**Records for the exercise:**
========================================================================
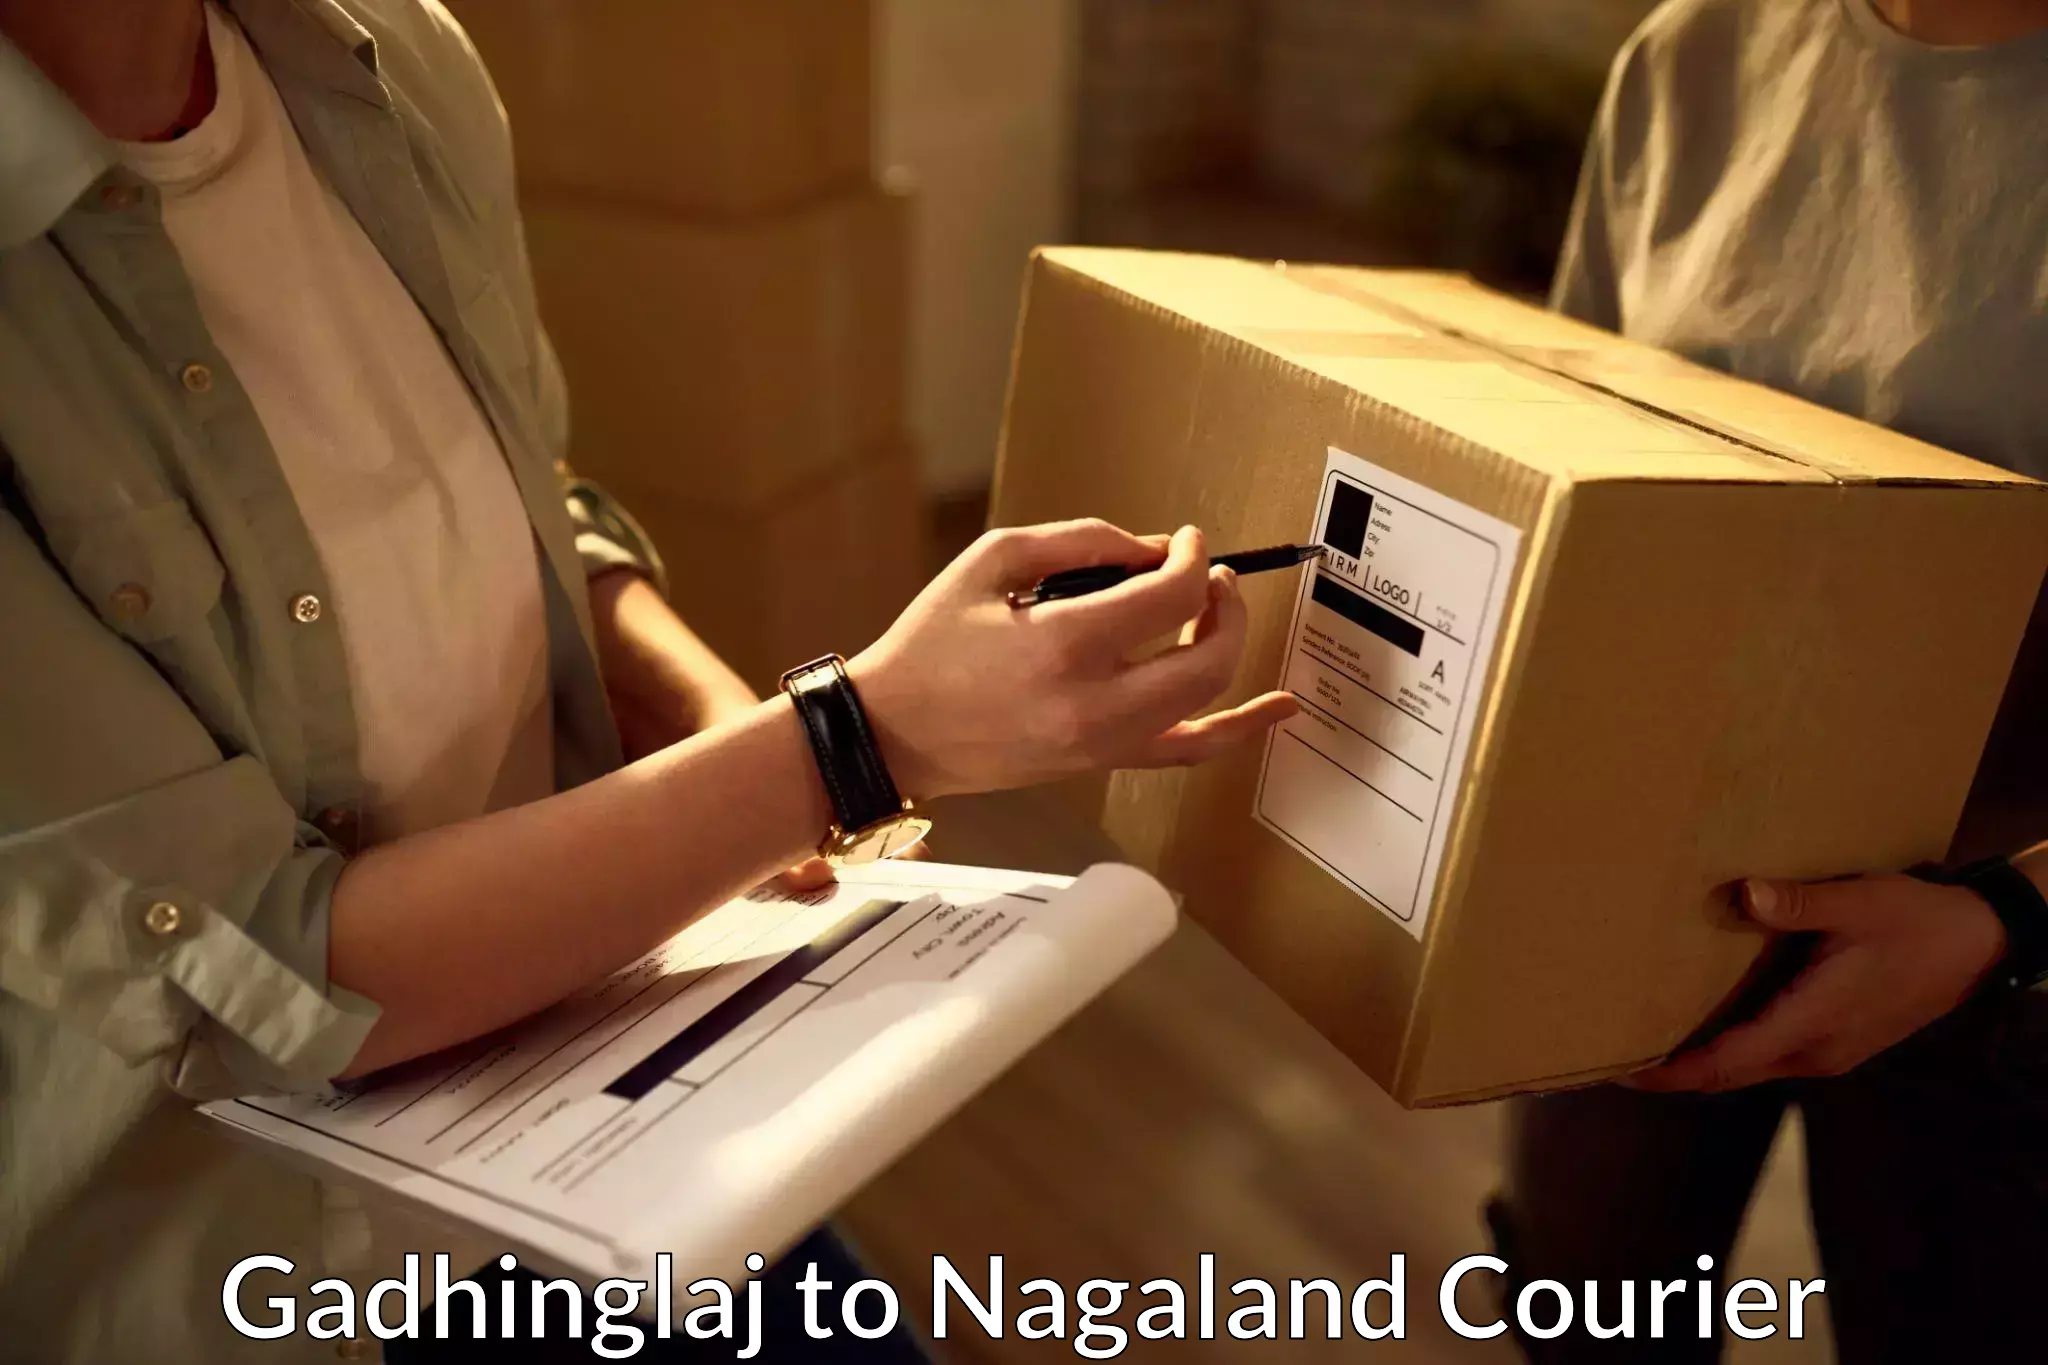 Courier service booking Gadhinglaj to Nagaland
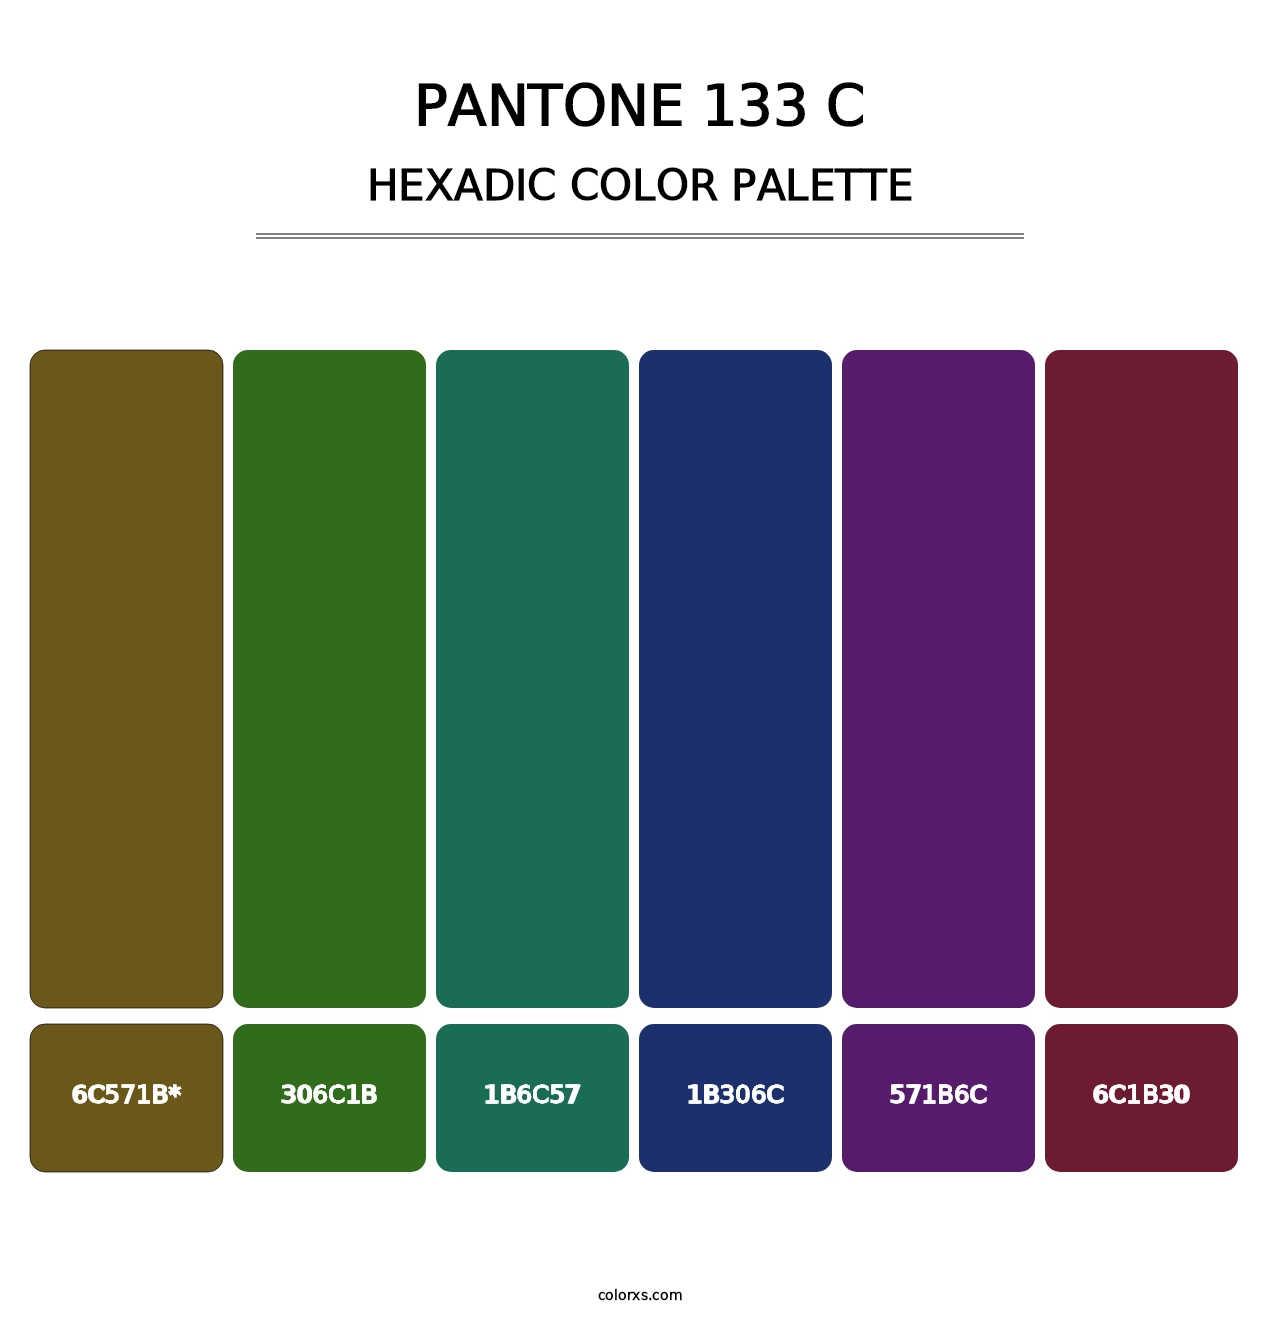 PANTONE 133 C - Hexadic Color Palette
========================================================================
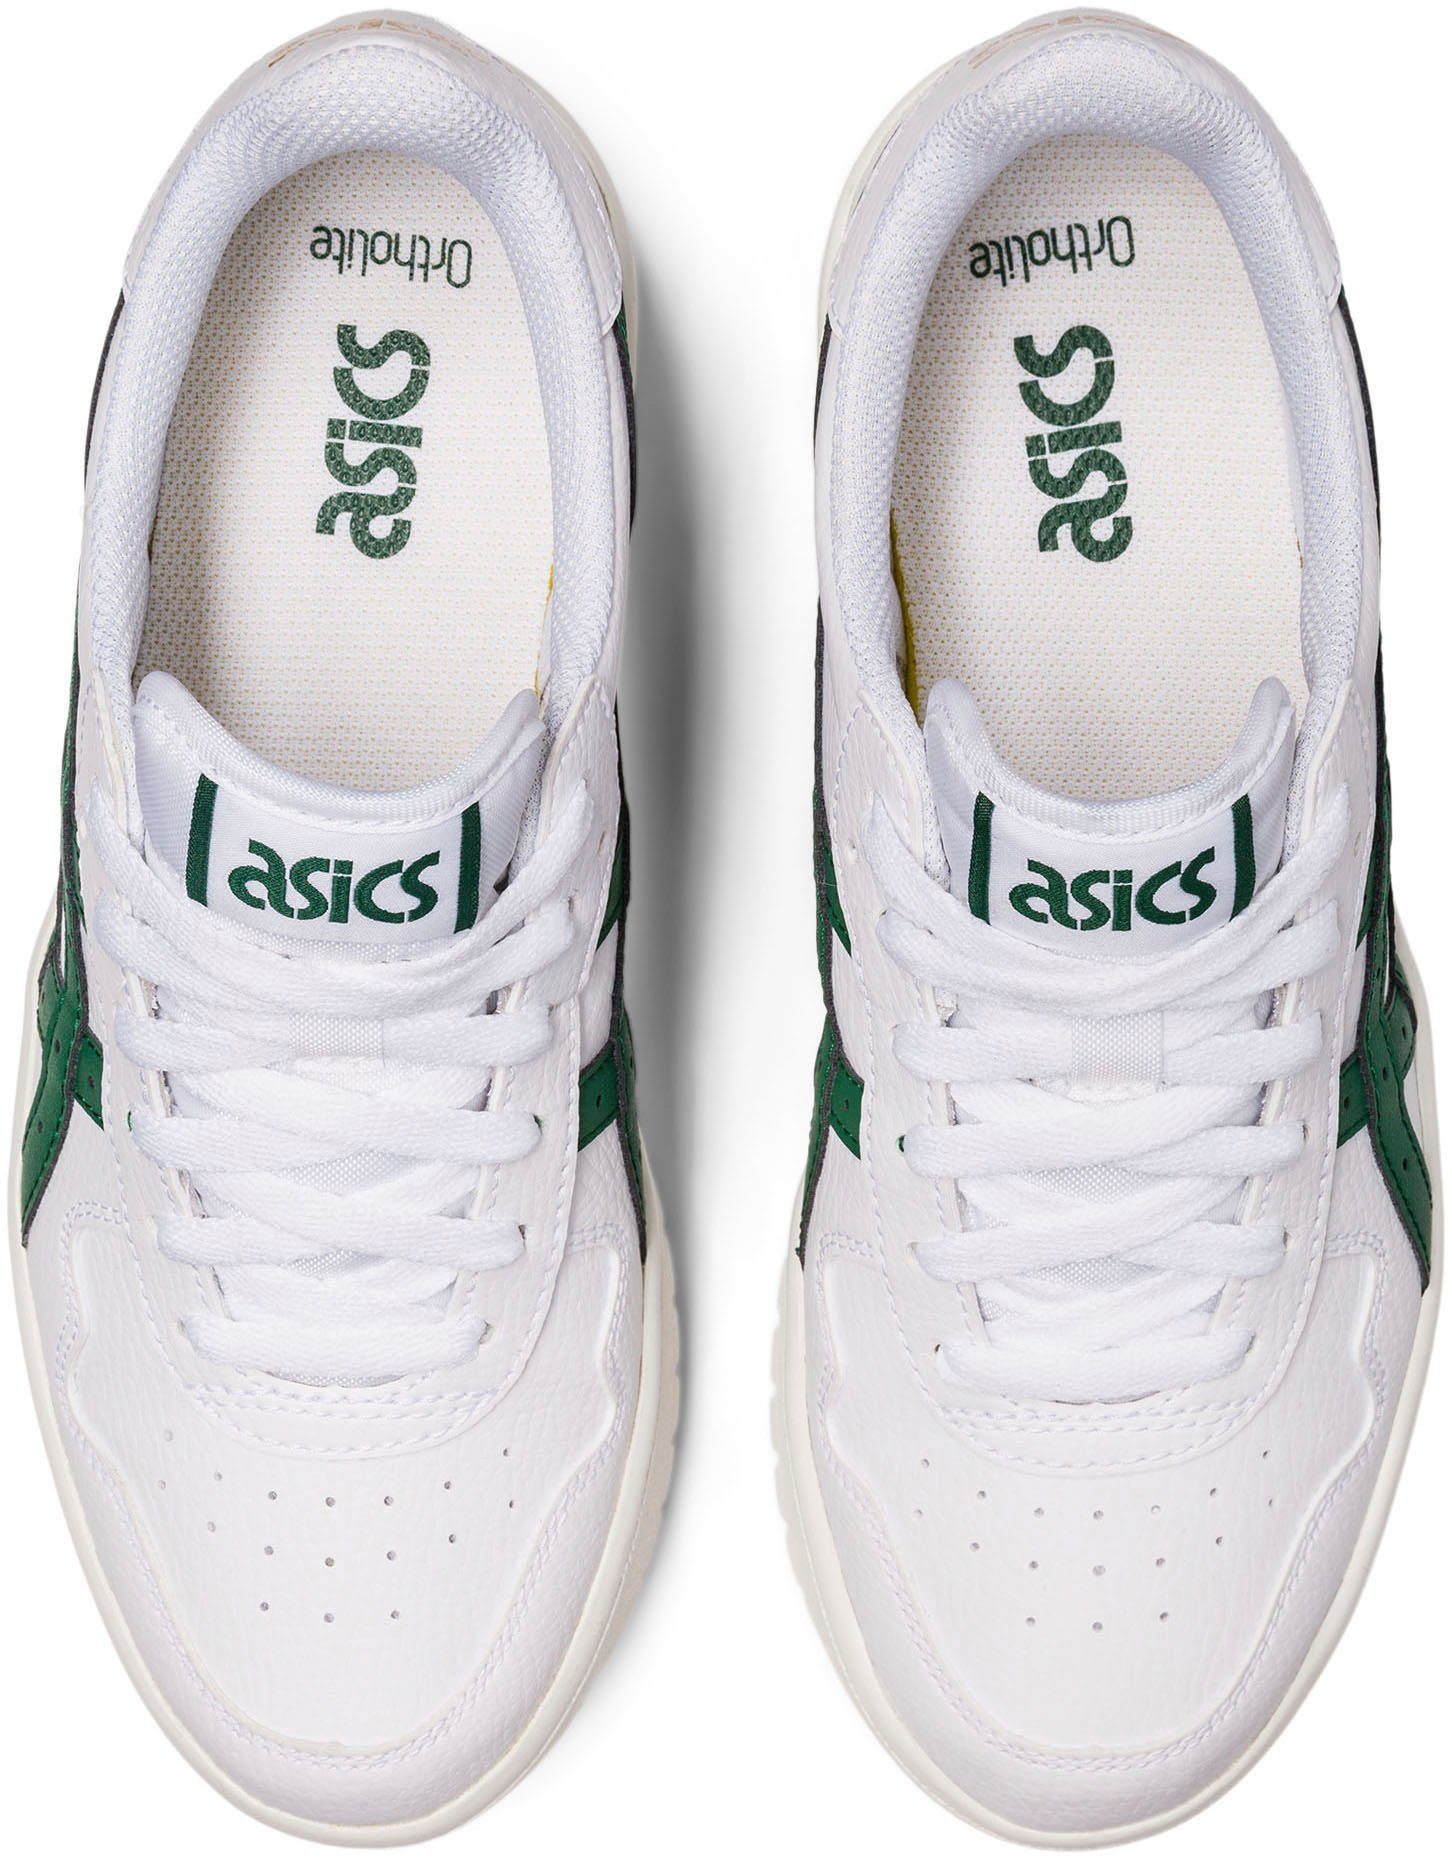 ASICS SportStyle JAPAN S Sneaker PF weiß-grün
========================================================================
**Instructions for the task:**
In the listing above, find the line with "Courier service booking" and the line with "PANTONE 133 C - Hexadic Color Palette". Set down exactly those lines and everything between them, skipping pictures.

**Reply to the exercise:**
 Courier service booking Gadhinglaj to Nagaland
 PANTONE 133 C - Hexadic Color Palette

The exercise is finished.